We had a party here over the weekend. Kids dripping off the furniture kind of party. Hanging off the bunkbed. Building a treehouse. Swimming, eating bagels. 11 is a good number, nice and even with those parallel sticks of number.
The day before, our neighbors had handed us a rooster over the fence. To try him out. He was beautiful, and immediately put the moves on Chris the chicken, who looked a little surprised, and then a little pissed. Then she puffed up her whole body, straightened her feathers and decided he was okay.
But at 4 in the morning the next morning, it was like a car alarm was going off. The cock a goodle goo (as Lilly calls it) would not stop going off. For like 40 minutes. The bad kind of car alarm, the nature kind, where the only way to turn it off is to strangle it. A little talk with the rooster was not going to work. He was always going to go off, when it's still dark, because it's his way.
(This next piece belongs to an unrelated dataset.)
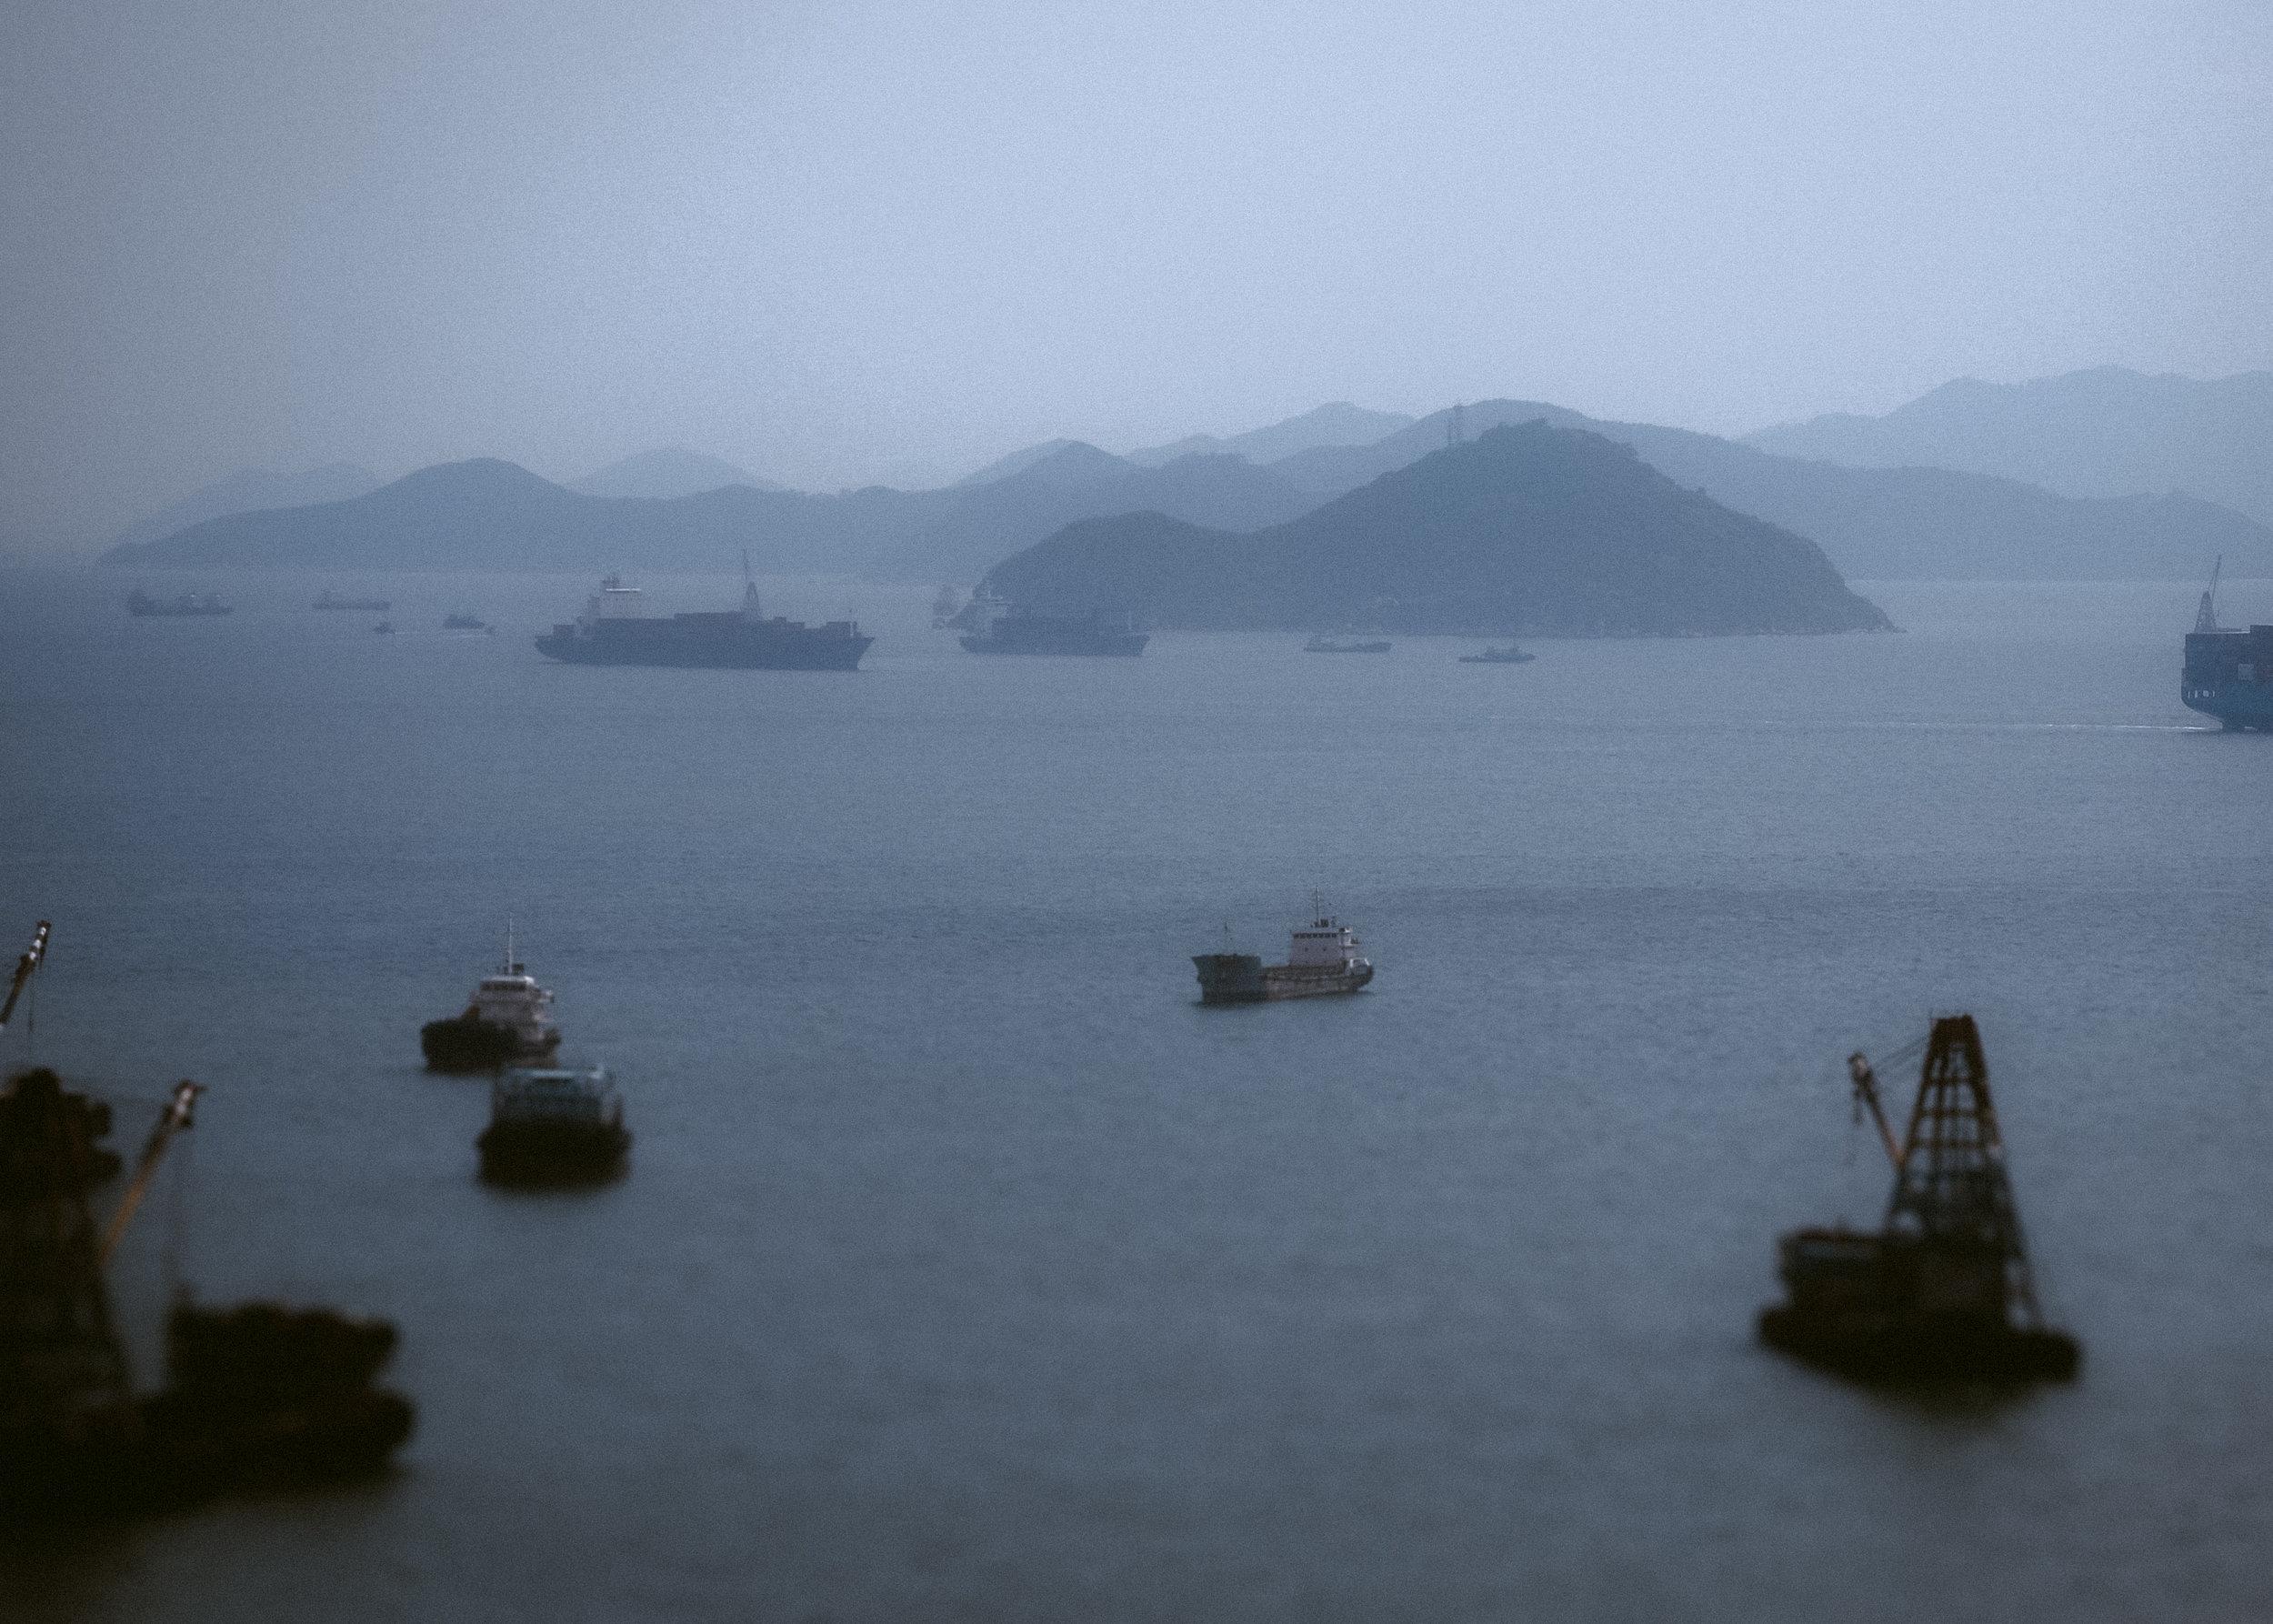 jonathan-burkhart-photographer-oklahoma-city-hongkong-china.jpg
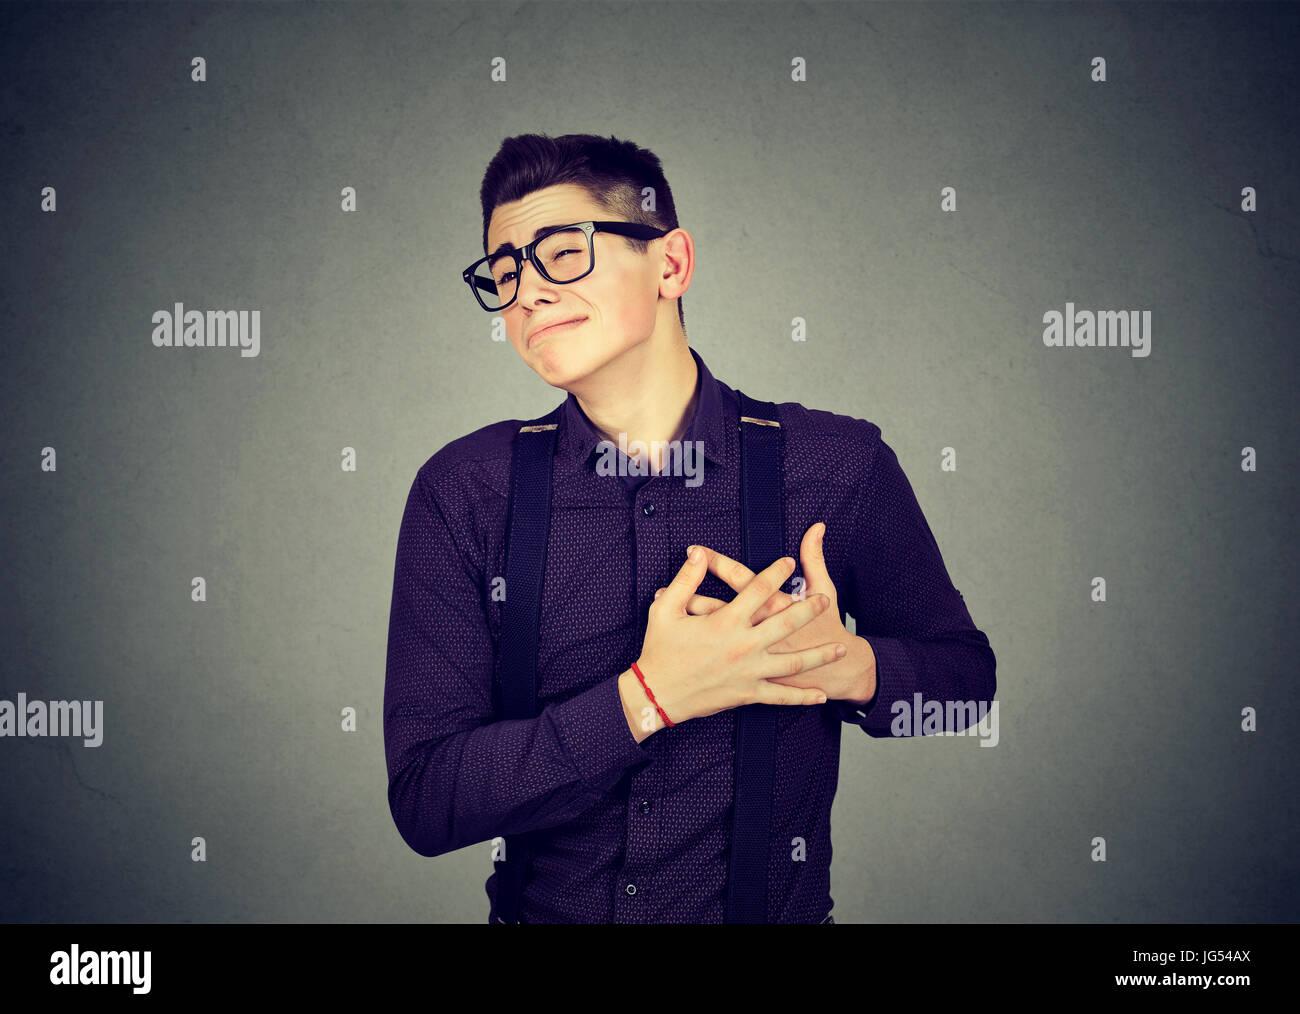 Heartbroken young man - Stock Image

So Barry walked in at 8 when we were all awake (had all been awake for 4 hours) and said "Uh, can the rooster go back?" I said uh, like right away.
So the night of the party I climbed the back wall and met Bill our neighbor in the dark and handed over loudy the rooster. I hope he doesn't shriek his way into a stew.
Moral is: lots of boys at birthday parties are great, and if you have roosters, have alot of land so they can crow not directly into your bedroom window.